● WHAT YOU HAVE TO DO
The entire listing that follows must be repeated exactly, pictures excluded.

● INPUT DATA

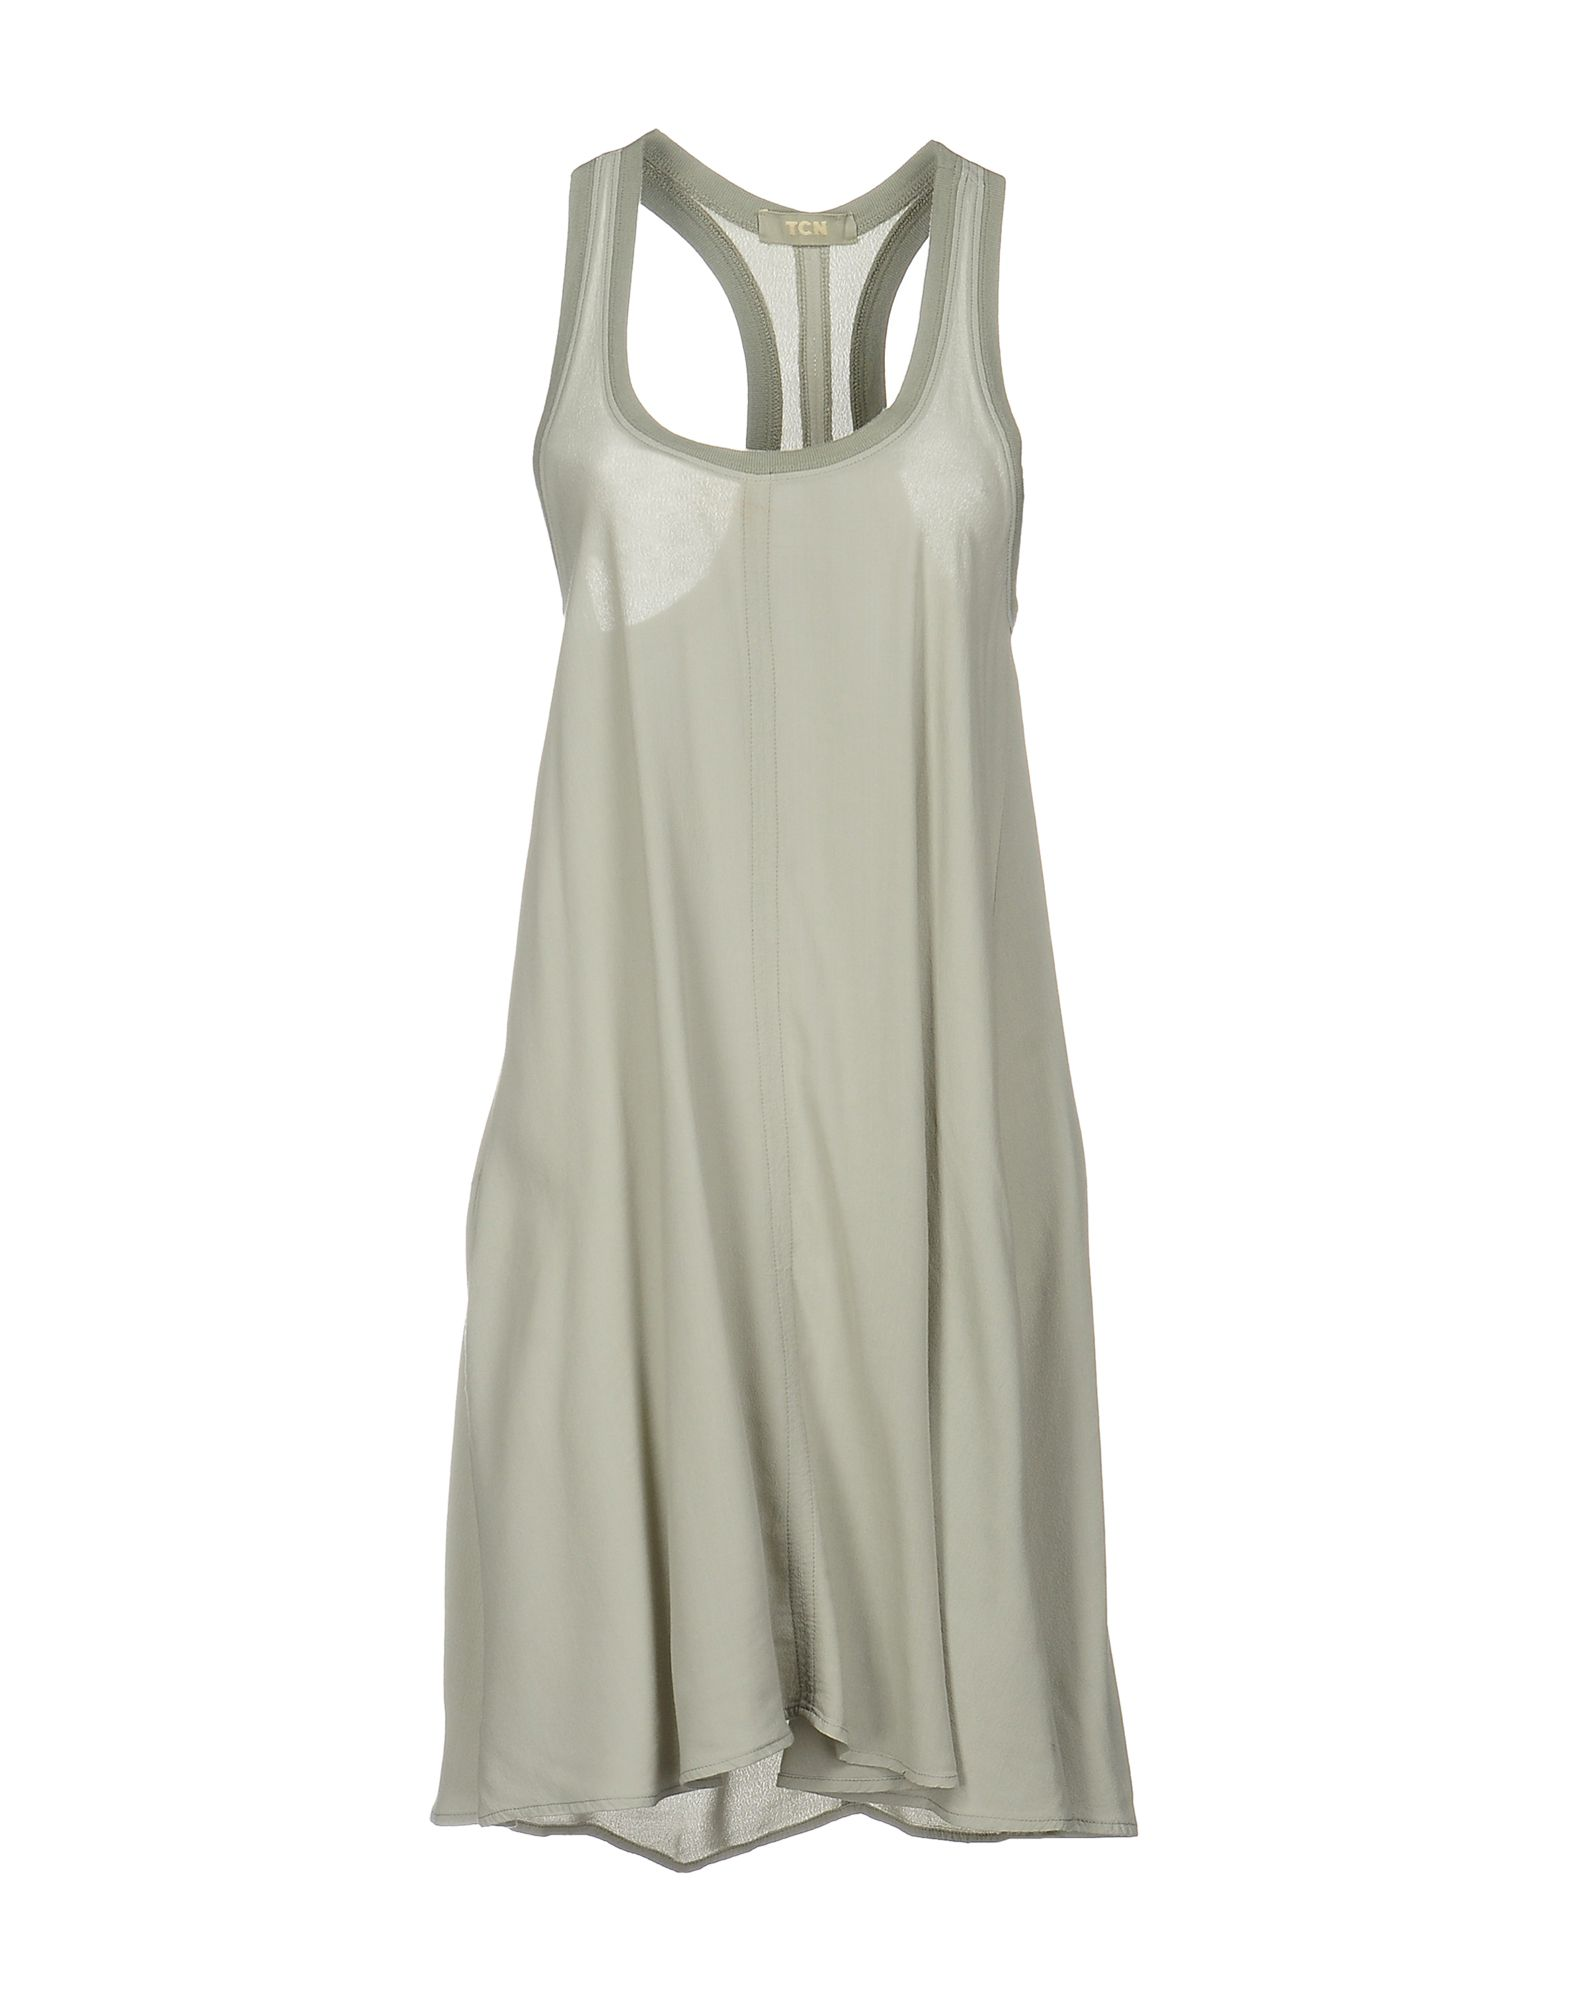 TOTON COMELLA - TCN Damen Kurzes Kleid Farbe Hellgrau Größe 5
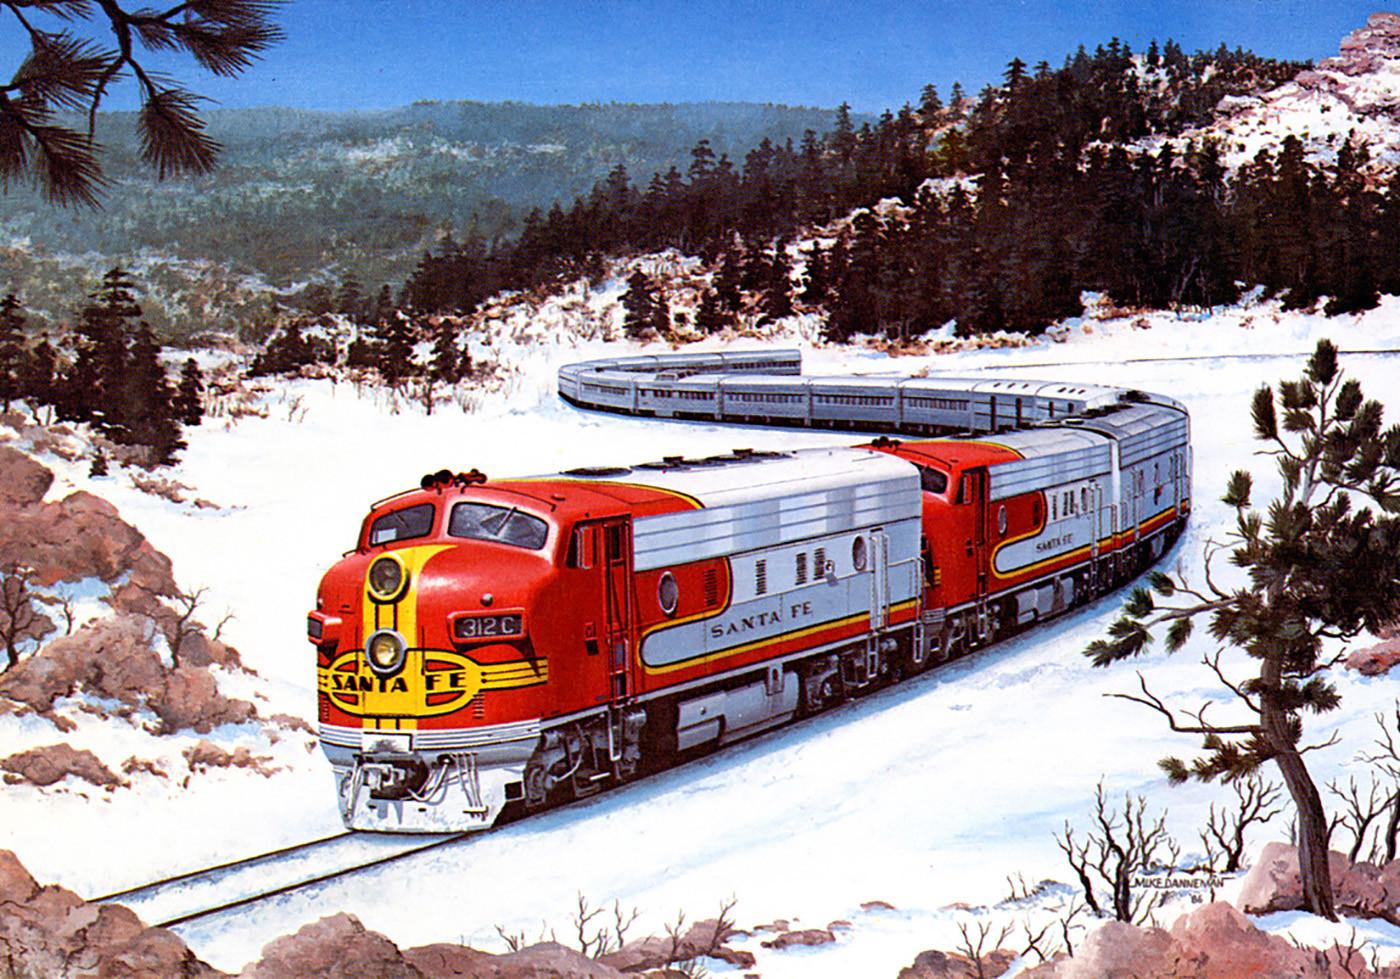 Великий рельсовый погром: как в США сознательно «убили» пассажирские железные дороги - Недвижимость onliner.by
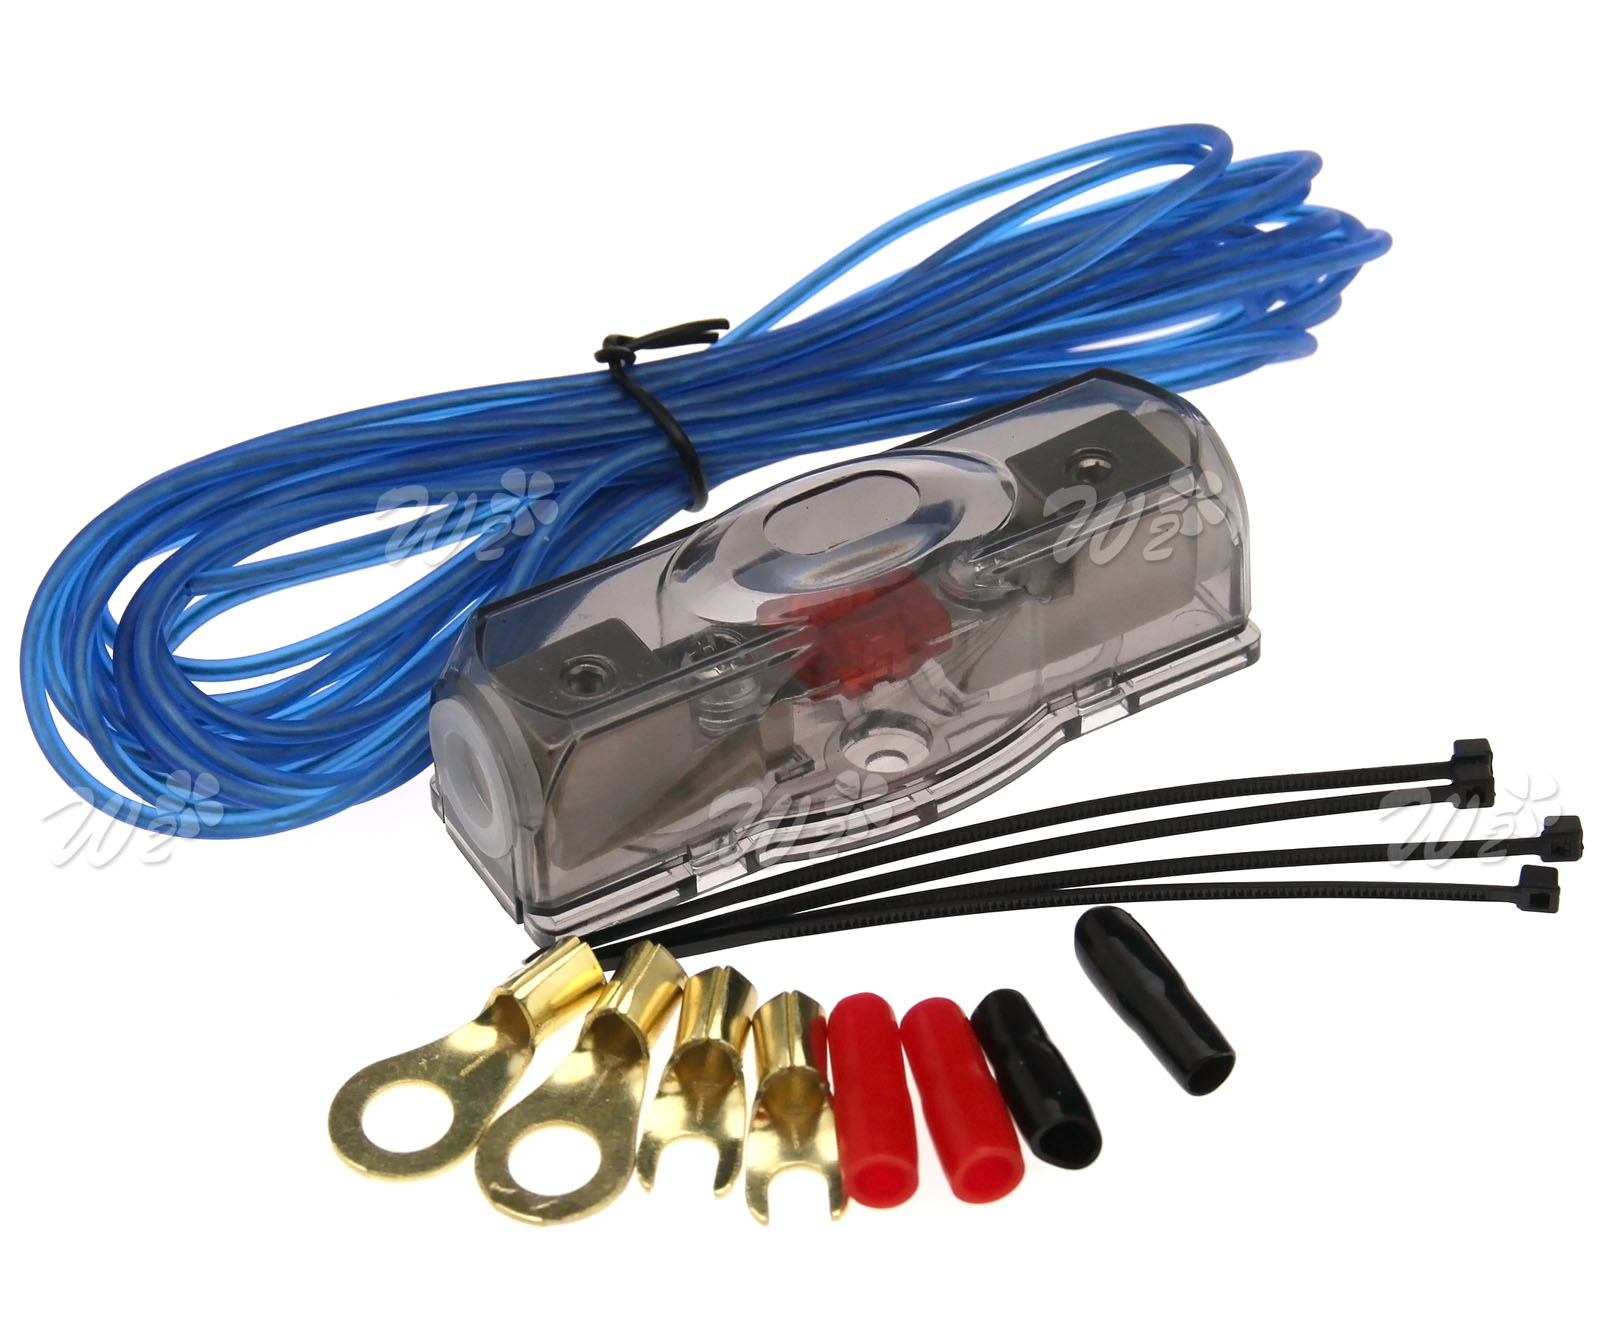 Car-Hifi Auto Kabel Verstärker KFZ Audio Kabel 2000W 100A Kabelset ...

● TASK RESPONSE
 TOTON COMELLA - TCN Damen Kurzes Kleid Farbe Hellgrau Größe 5
 Великий рельсовый погром: как в США сознательно «убили» пассажирские железные дороги - Недвижимость onliner.by
 Car-Hifi Auto Kabel Verstärker KFZ Audio Kabel 2000W 100A Kabelset ...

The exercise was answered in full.